▶ [AIM OF THE TASK] Please keep the images out and set down the data exactly as given.

▶ [COLLECTED MATERIAL]
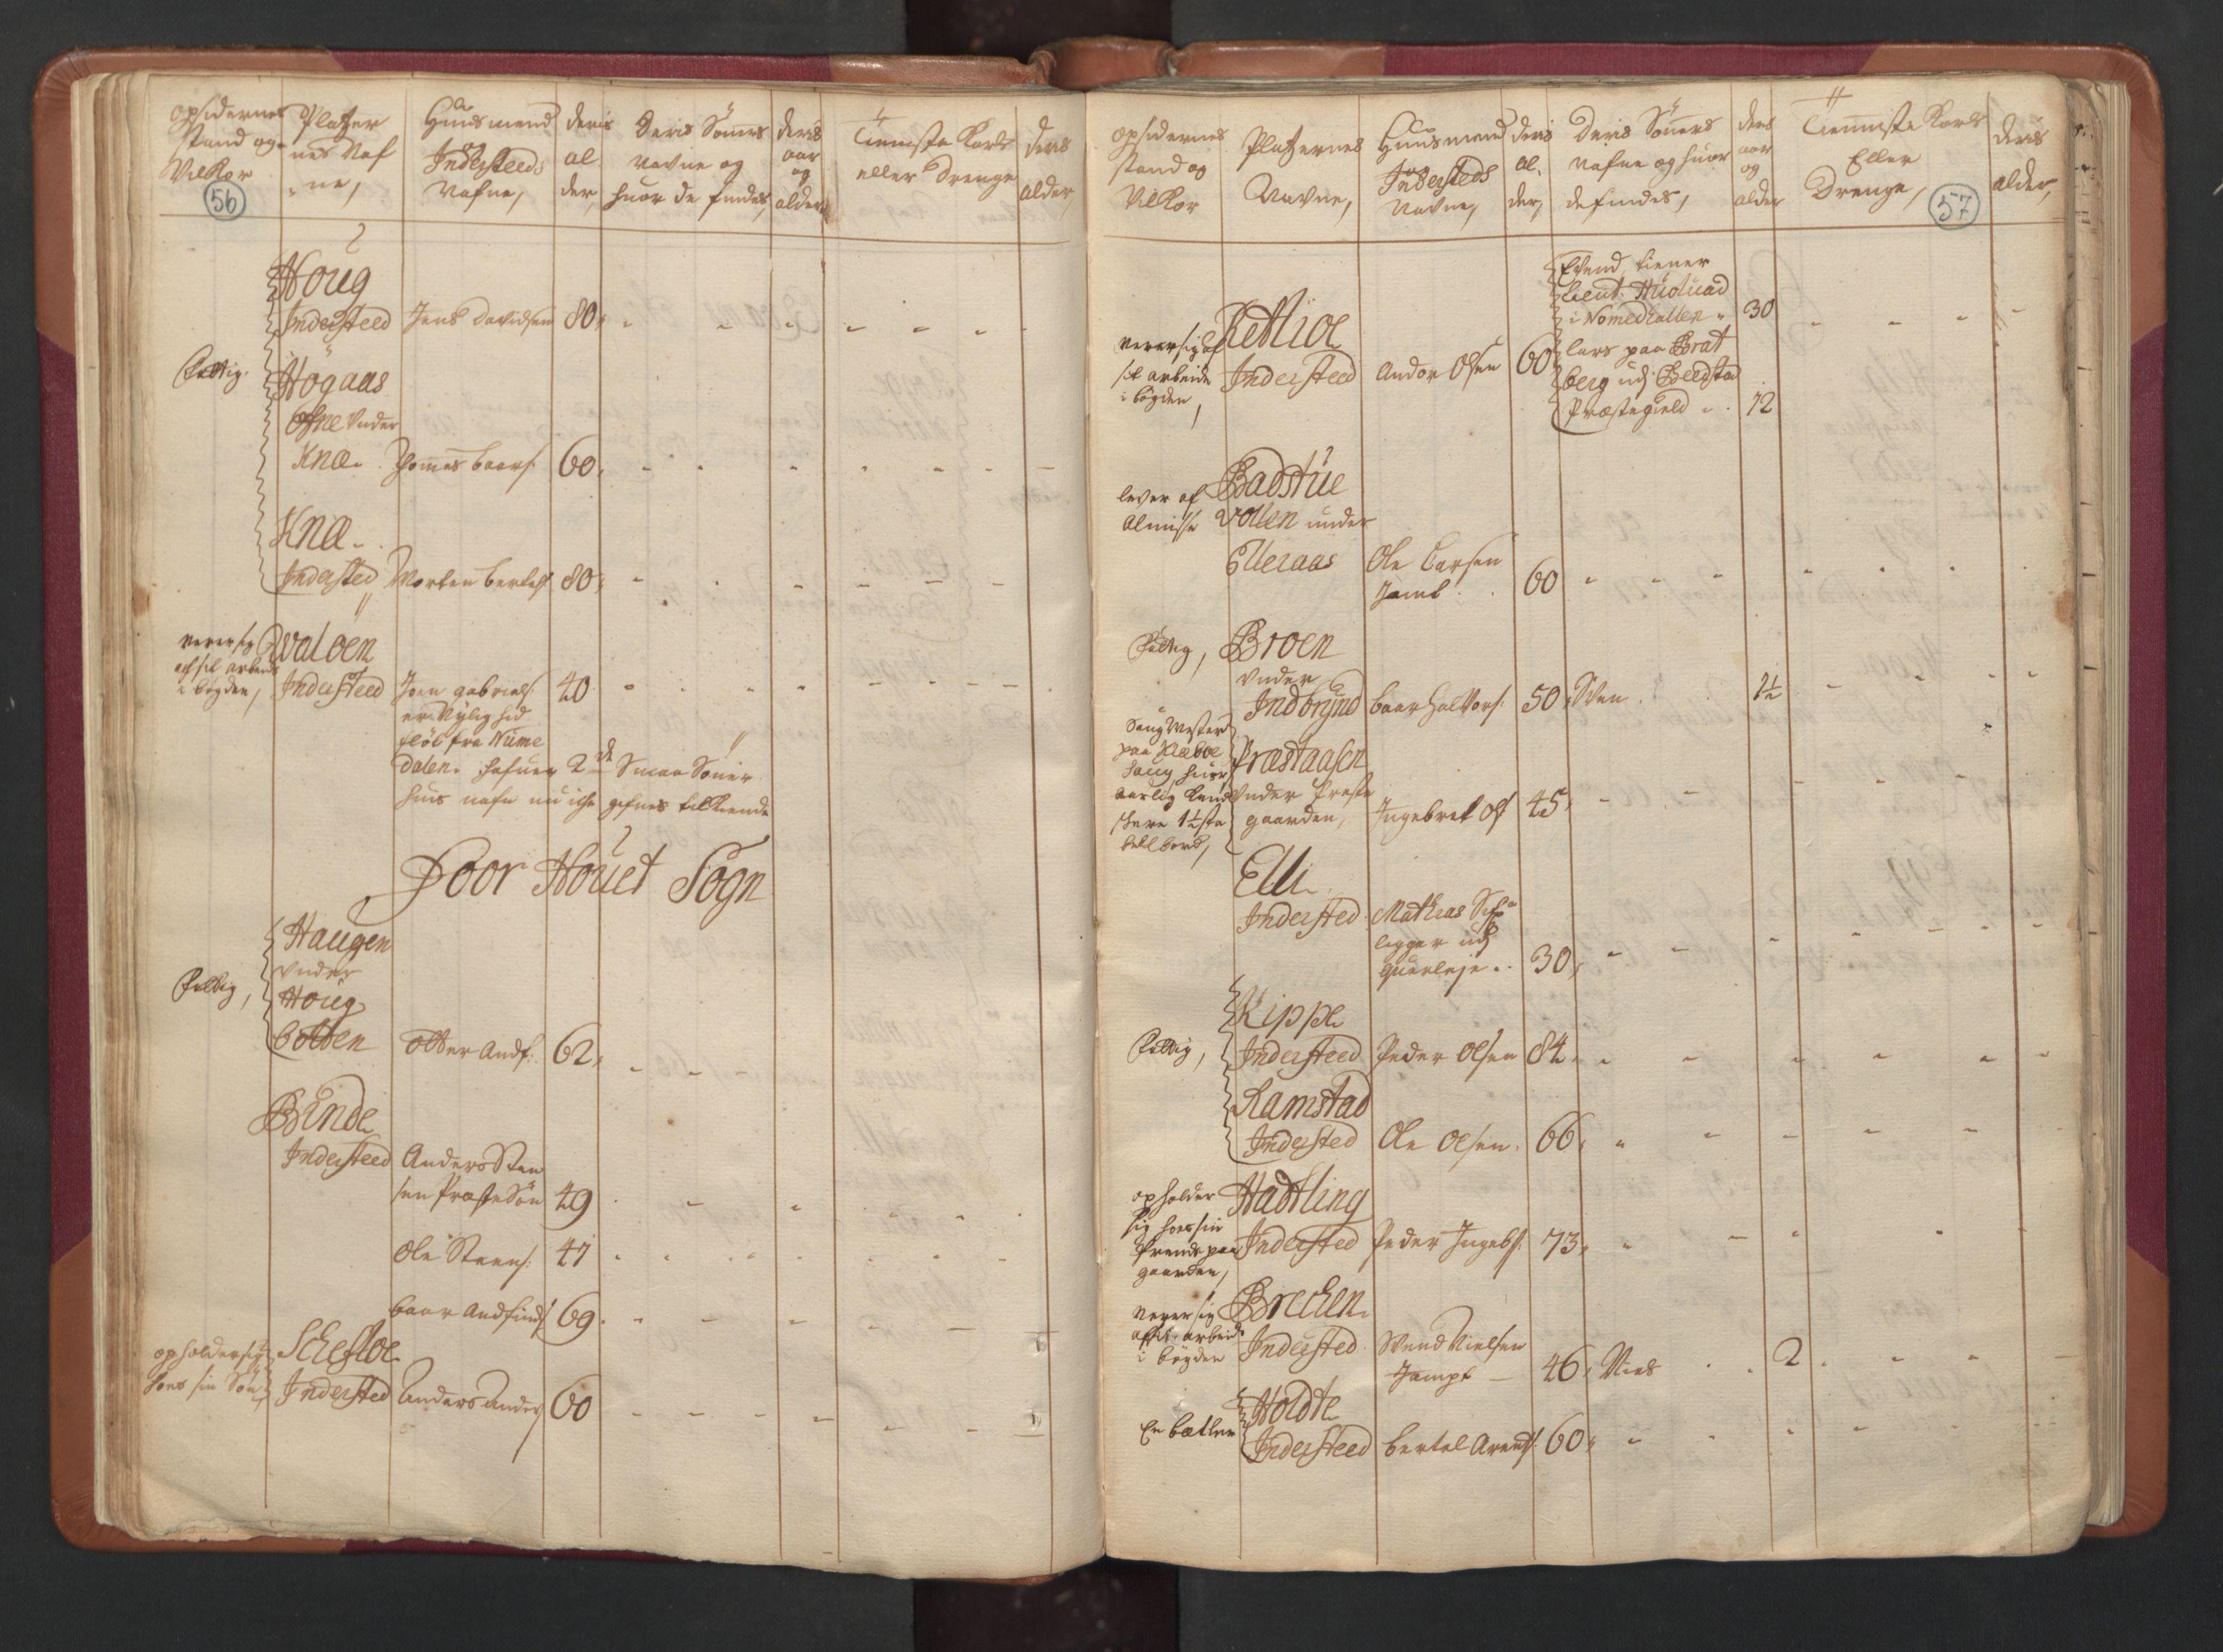 RA, Manntallet 1701, nr. 15: Inderøy fogderi og Namdal fogderi, 1701, s. 56-57
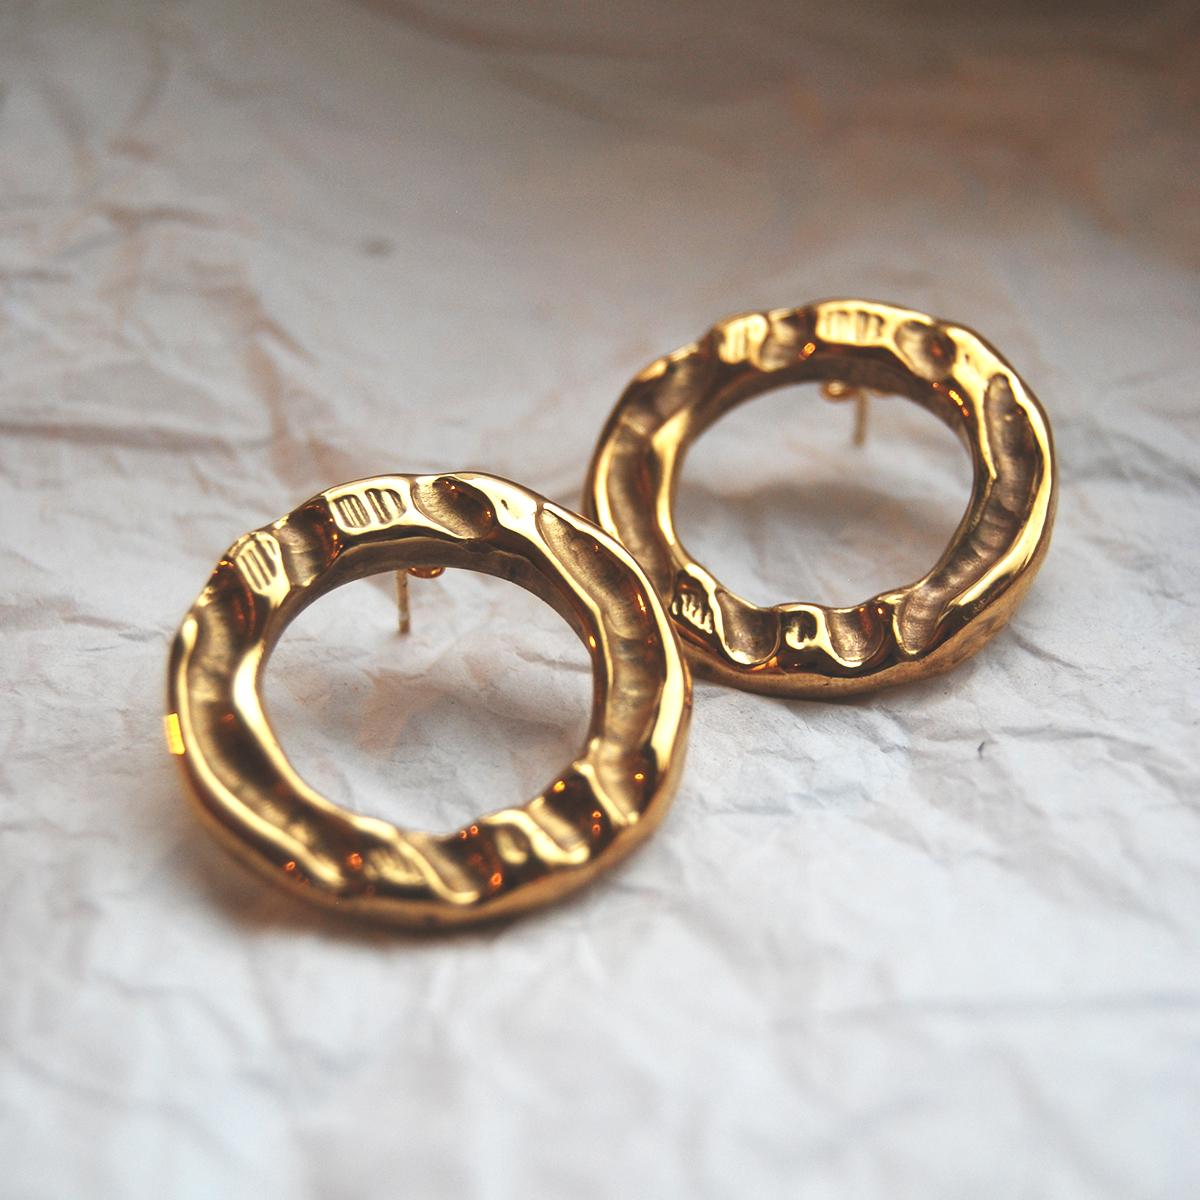 Textured circle earrings
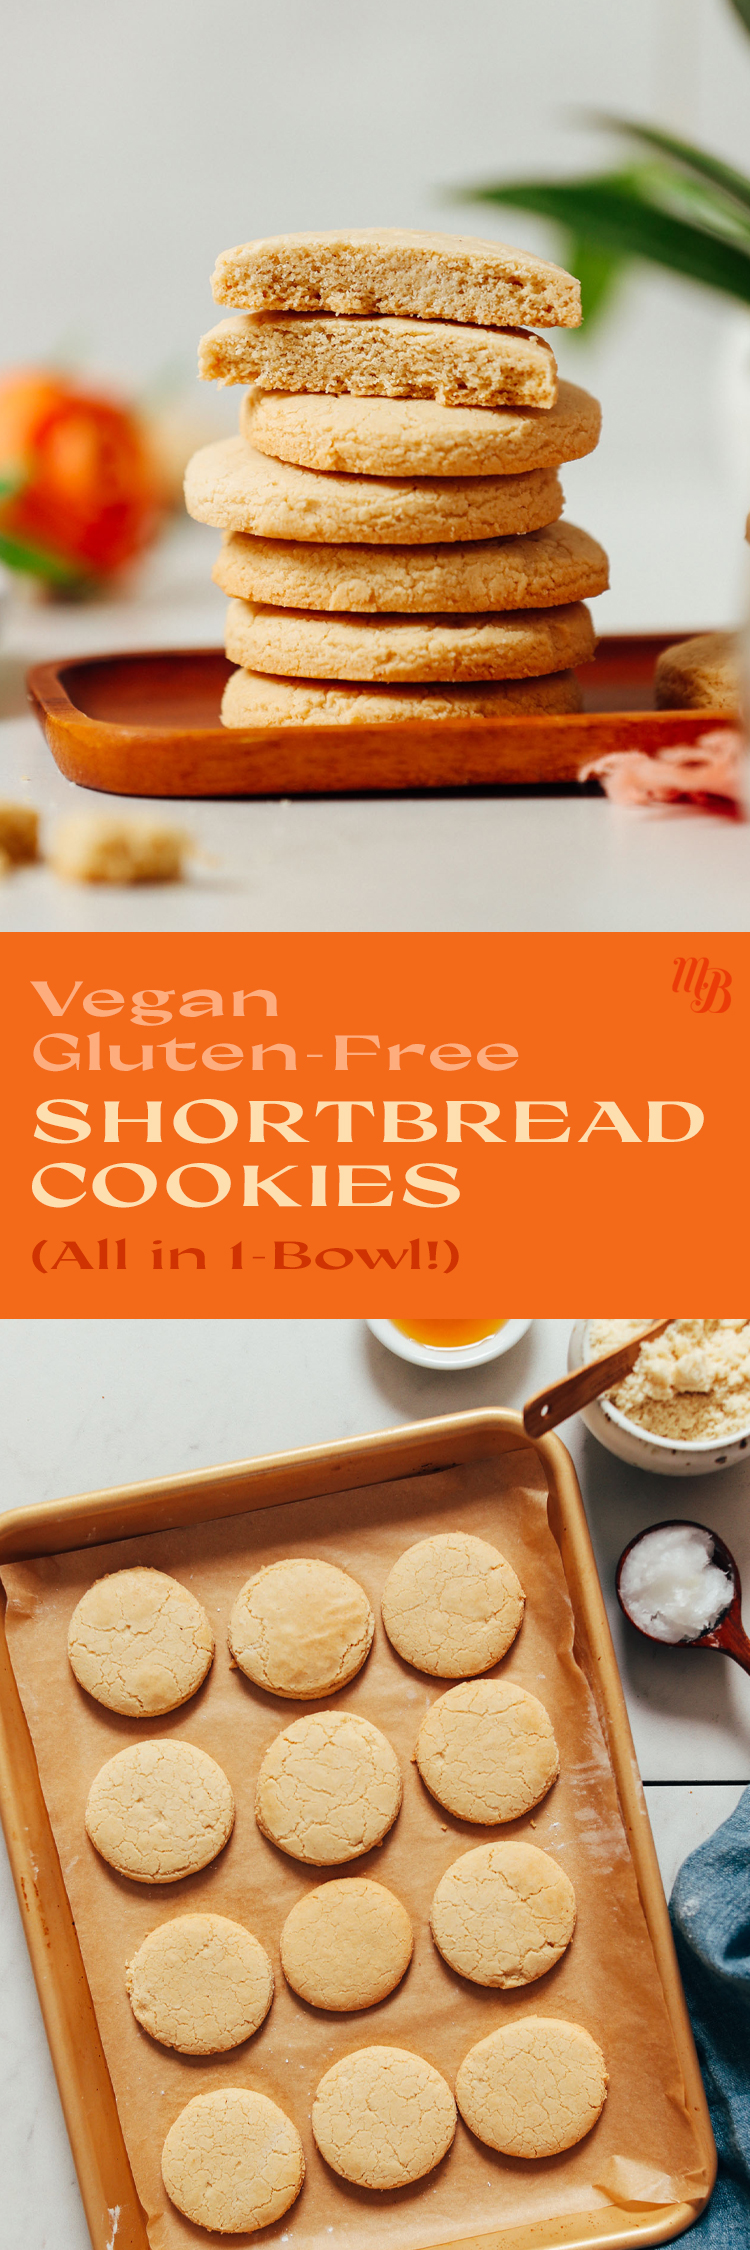 Pan de biscuits sablés vegan et sans gluten

▶ [SOLUTION FOR THIS EXERCISE]
 RA, Manntallet 1701, nr. 15: Inderøy fogderi og Namdal fogderi, 1701, s. 56-57
 Textured circle earrings
 Pan de biscuits sablés vegan et sans gluten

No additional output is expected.